The leader of the right-wing Front National (FN), Marine Le Pen, came second with 21.3 per cent. The two will battle it out for the presidency in the second-round election on 7 May.
Despite the murder on Thursday of last week of a police officer — later named as Xavier Jugelé, aged 37 — the atrocity did not overshadow Sunday’s vote, the Chaplain of St George’s, Paris, Canon Matthew Harrison, said.
“It doesn’t feel like it is on the same register at all as, for example, the murder of the priest in Rouen,” he said on Tuesday. “That did affect everyone and churches in particular. We thought about our security. This doesn’t feel like that, or Bataclan, where everybody knew somebody who was involved. It doesn’t feel like it is in the same league.”

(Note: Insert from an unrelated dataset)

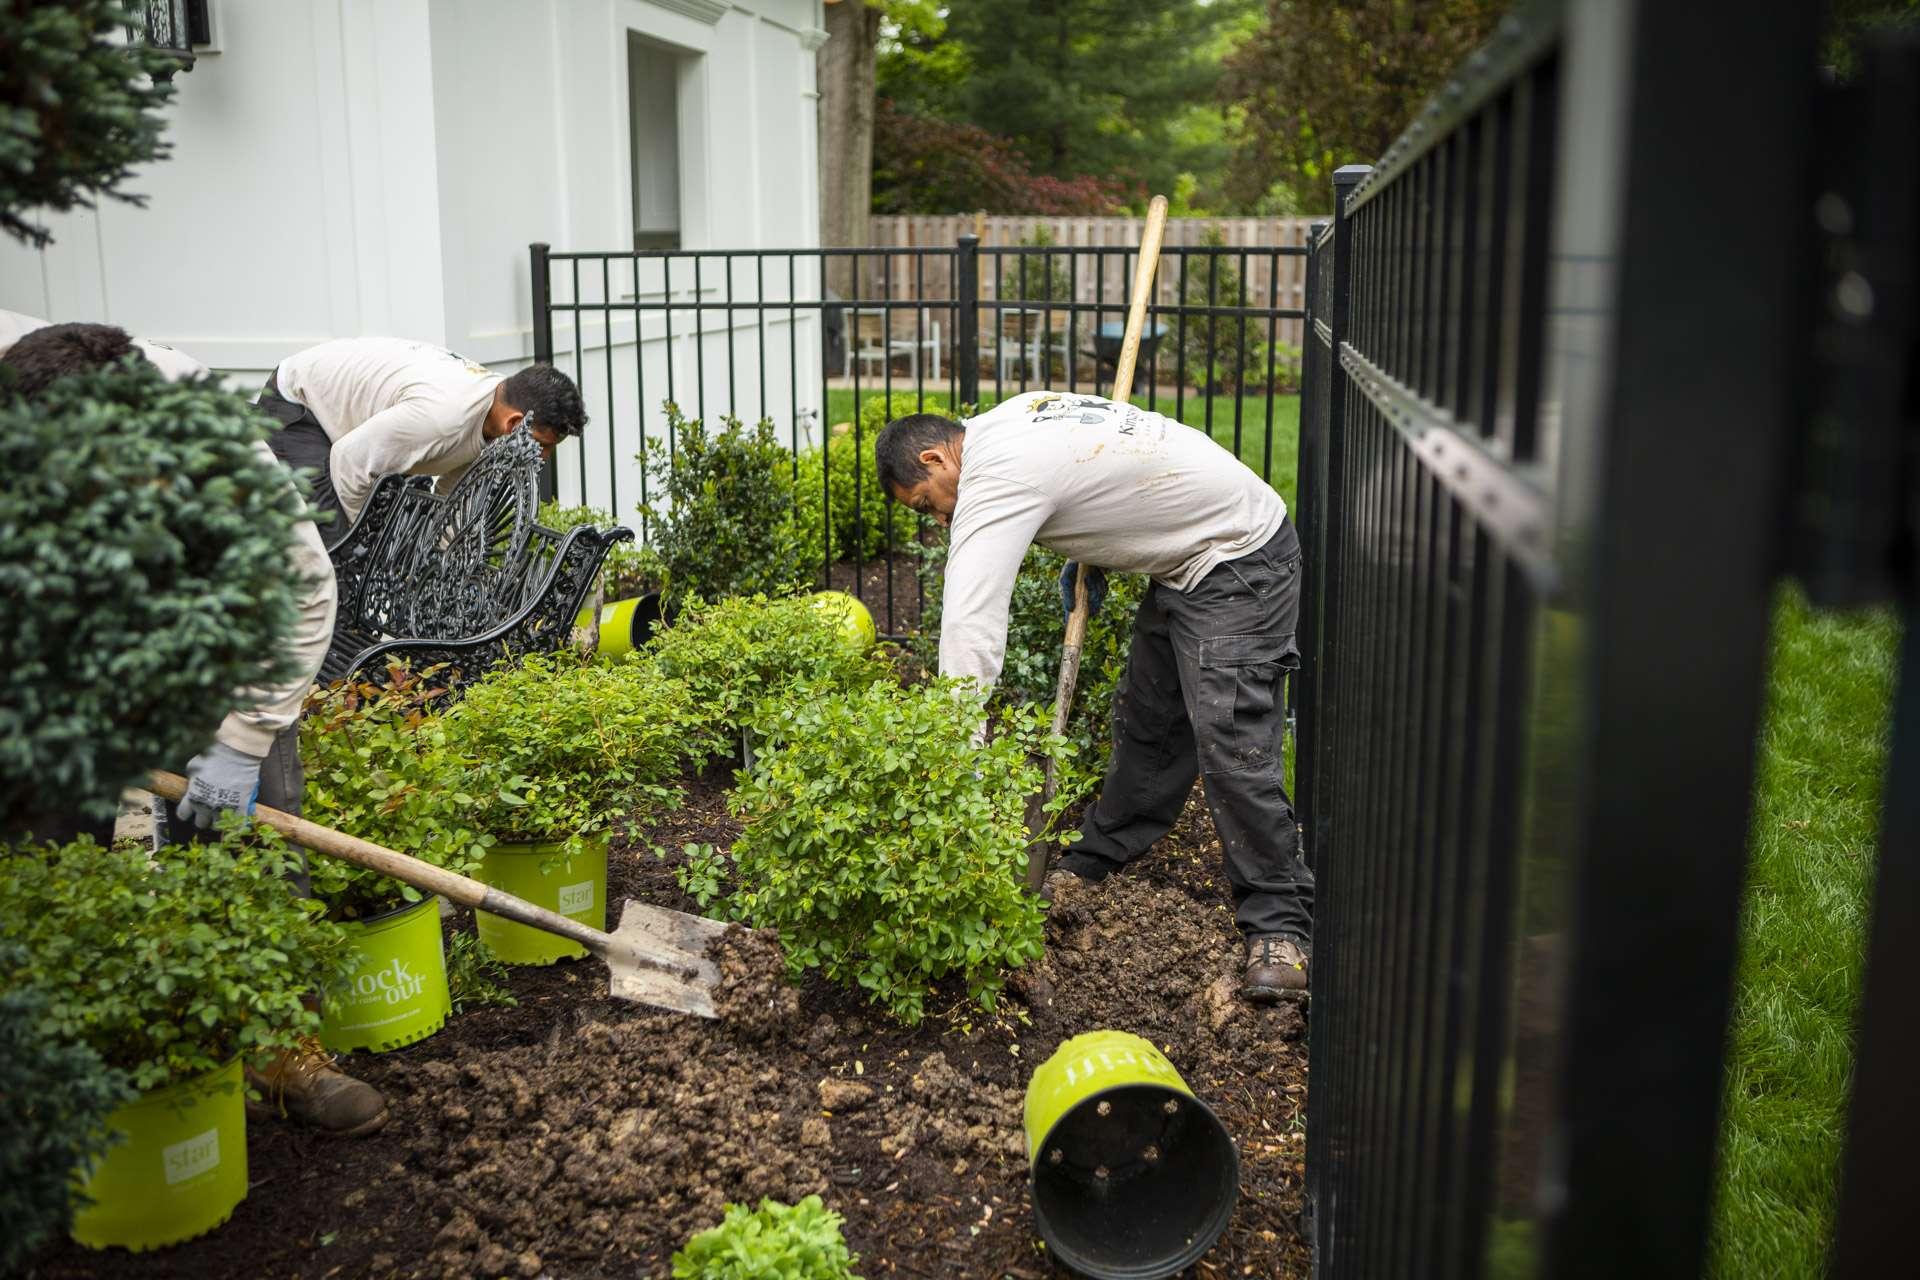 Landscape professionals installing new plants in summer months

The US Episcopalian Bishop in Europe, the Rt Revd Pierre Whalon, said that his daughter was near by as the terror attack unfolded.
“Daughter Marie-Noëlle was on the Champs Elysees and heard the shots fired. Home now thank God. Relieved...,” he said on Twitter.
All the candidates suspended the final day of campaigning out of respect for Mr Jugelé, but Canon Harrison did not believe that the crime had significantly changed the way people voted.
“There were accusations that Marine Le Pen and [the mainstream centre-right candidate] François Fillon used [his death], but I think probably it did not swing things particularly either way in the vote,” he said.
An Anglican of the other chaplaincy in Paris, St Michael’s — who did not want to be named — said that sadly terror attacks such as last week’s on the Champs Élysées had become the “new normal” in Paris, and news of the shooting had soon been “more or less eclipsed” by the elections.
Despite the series of attacks on French soil in recent years by Islamist-inspired terrorists, however, the French people had by and large refused to give in to fear and division, Canon Harrison said. “The reaction to the Jacques Hamel killing (News, 26 July) and those sorts of events from the vast majority of the French people has been so good.”
St Michael’s were determined to keep the church’s doors open despite the explicit threats made against Christians.
The Bishops’ Conference has released a reflection on the first round of voting, which did not endorse either of the final two candidates, but warned against yielding to “fatalism”.
France’s RCs have traditionally backed the mainstream centre-right parties, represented this year by Mr Fillon, but the FN had also sought to appeal to traditionalist RCs, in particular through its frequent references to Joan of Arc, Canon Harrison said.